Since launch Flow has had an informal off-chain governance. The development team is operating independently at this time, and has a mandate to create useful apps for the decentralized larger community.
At this time anyone is free to submit proposals for improvements or changes, and these proposals are then reviewed by the development team. If the development team sees merit in the proposal it is then put in front of the node operators, who then make the decision on whether or not to adopt the proposal.
An on-chain voting signaling mechanism was expected to be ready in late 2020, but as of March 2021 we are still awaiting this mechanism. And even once it is in place the votes are not binding, but they will be public to help the community drive developmental efforts.
Early Success – NBA Top Shot
When Flow took their blockchain into a beta mainnet in September 2020 it went live with the first partner – NBA Top Shot. What started off with a few thousand users has rapidly snowballed into well over 100,000 users and some amazing numbers behind the sale of the platform’s Moments.
NBA Top Shot mints these Moments, which are short clips of some of the best NBA moments. Users of the platform are able to buy, sell, trade, and collect these Moments. It’s the buying and selling that’s sparked so much interest in the platform and its unique take on non-fungible tokens.
Unlike Bitcoin, which is exchangeable. NBA Top Shot moments are completely unique NFTs. Each NFT can only have one owner and it cannot be duplicated. In this way, NFTs are used “to create verifiable digital scarcity” and digital ownership.
Interest in the platform really began to take off early in 2021. For example, a January 15 purchase of a Ja Morant highlight for $35,000 (a record at the time), created massive buzz about the platform on Twitter and other social media platforms.
LaBron James’ Moments have been an excellent source of new record sales. First was a James dunk highlight that sold for $47,500 on January 19. Then came the $71,455 sale of another James Moment on January 22. Currently a LeBron James still holds the record for the most expensive Moment with a Cosmic edition Series 1 LeBron James dunk from a game against the Kings on Nov. 15, 2019 that sold for $208,000.
As this piece is being written on March 19, 2021 the NBA Top Shot platform boasts more than 2.3 million completed transactions, and sales of more than $370 million. The platform Cryptoslam.io tracks transactions at NBA Top Shot and shows that today there have been over $4.3 million in transactions. It also shows that four of the platform’s users have spent well over $100,000 in the past 3 days.
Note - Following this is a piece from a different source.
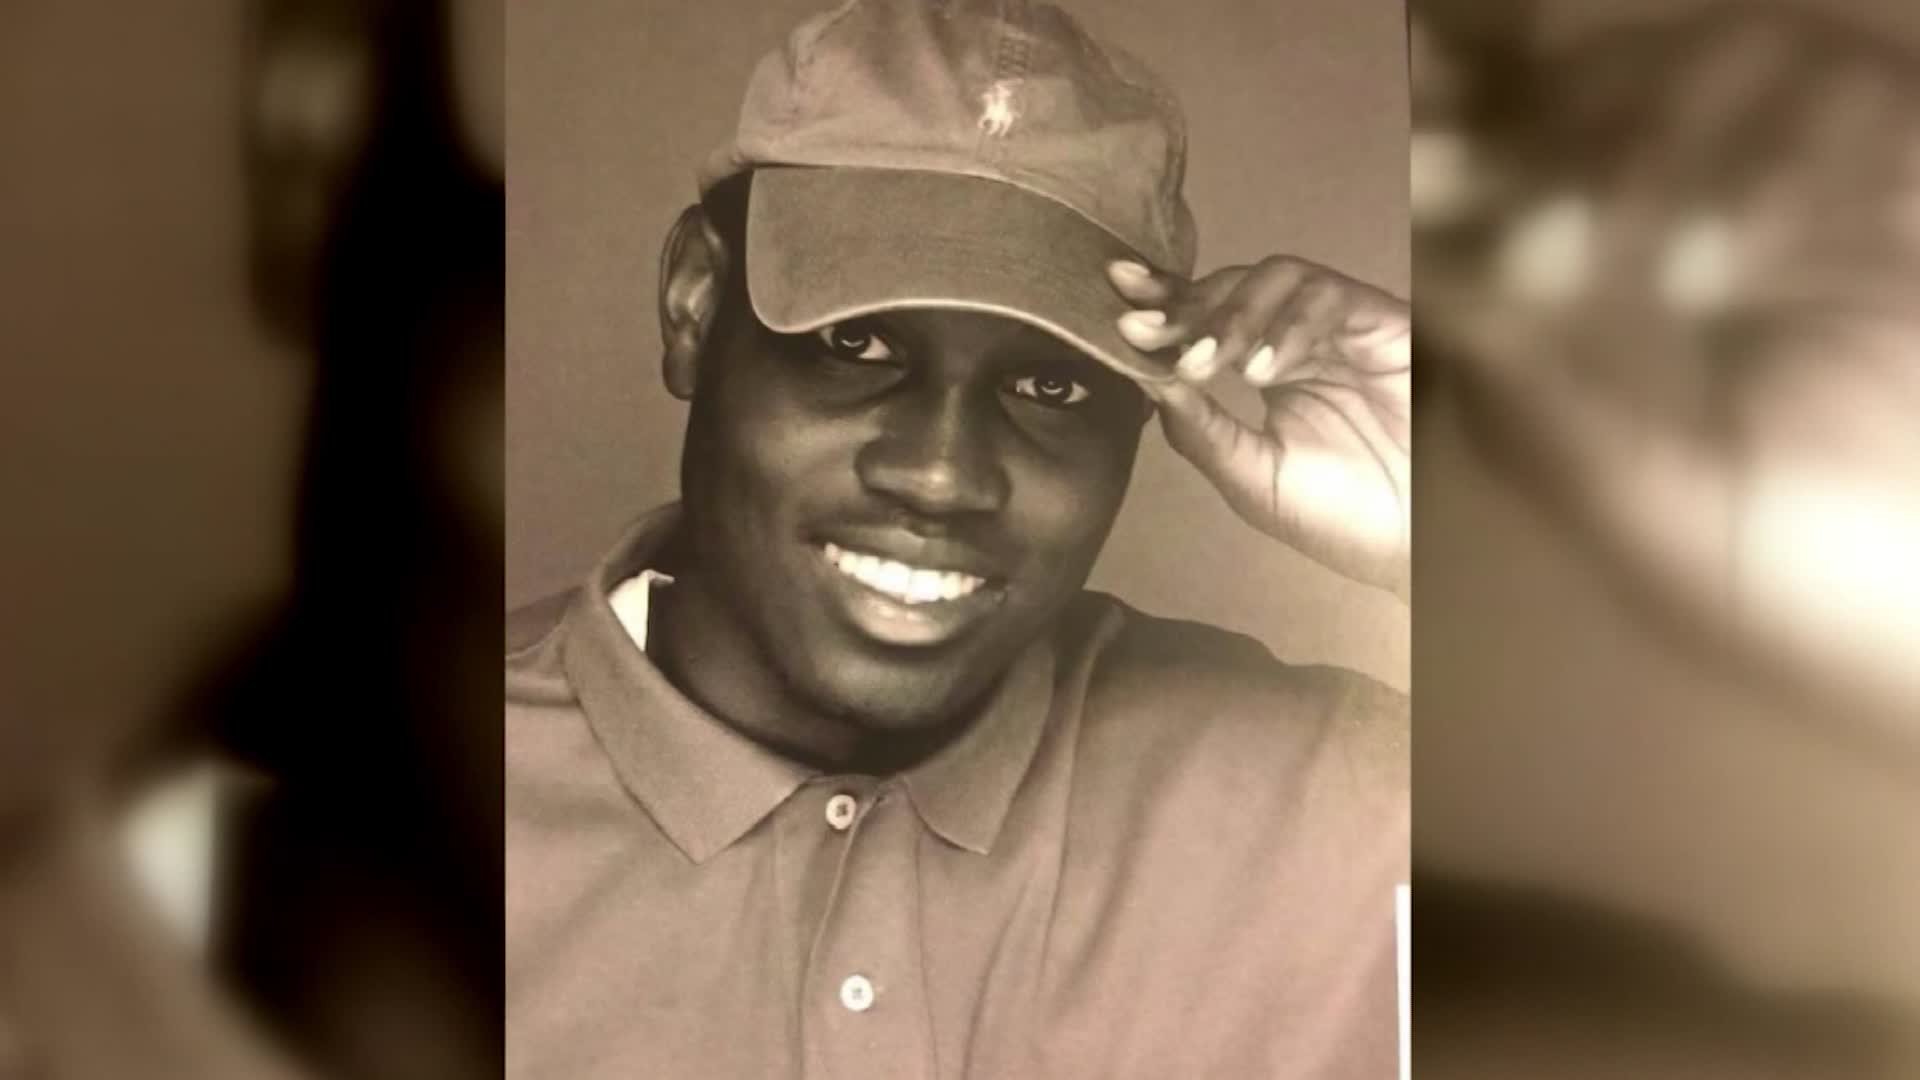 Ahmaud Arbery, 25, was killed February 23 while running through a neighborhood outside of Brunswick, Georgia.
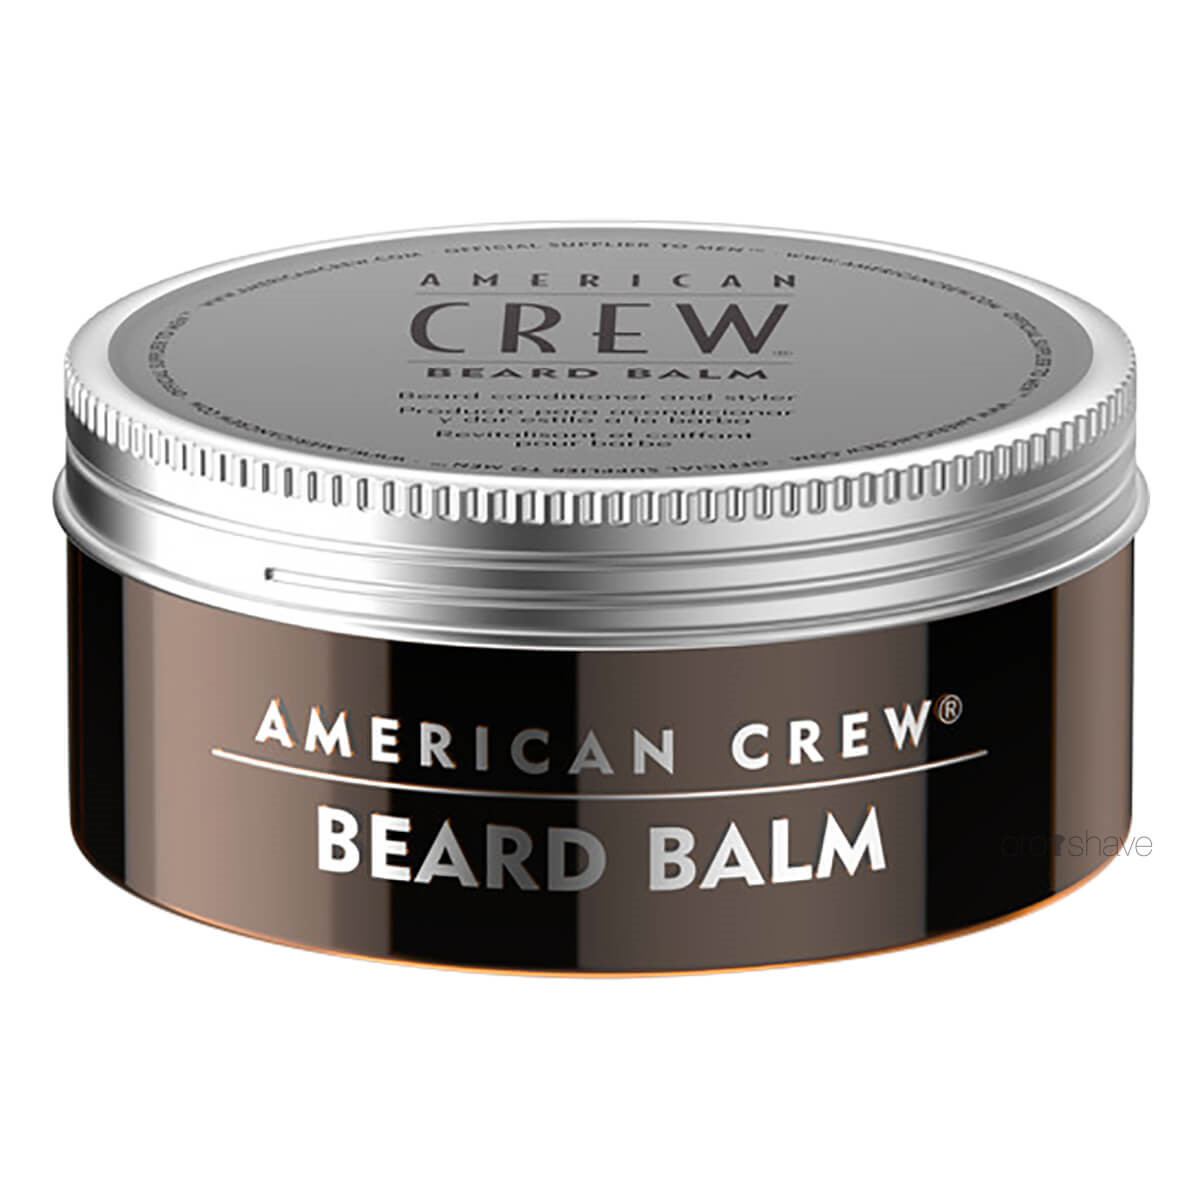 Billede af American Crew Beard Balm, 50 ml.

Flow was designed to provide a faster blockchain with higher throughput and better safety for its smart contracts through a lack of sharding. So far it appears that the development team has been successful in completing all of these tasks. The pipelined architecture used by Flow might just have solved the Trilemma.
The project has also been very successful in adding partners, and the very first project built on Flow – NBA Top Shots – has become incredibly popular as the demand for NFTs is going through a massive growth phase in early 2021. Later additions to the ecosystem will come from the UFC and from Dr. Suess. In addition, projects from Ubisoft and Warner Music Group could outpace the amazing results seen already from the NBA Top Shots.
The FLOW token itself has been just as profitable as the NBA Top Shots NFTs, which is an indication of just how popular and profitable this network might become in the future if the demand and hunger for NFTs continues to grow.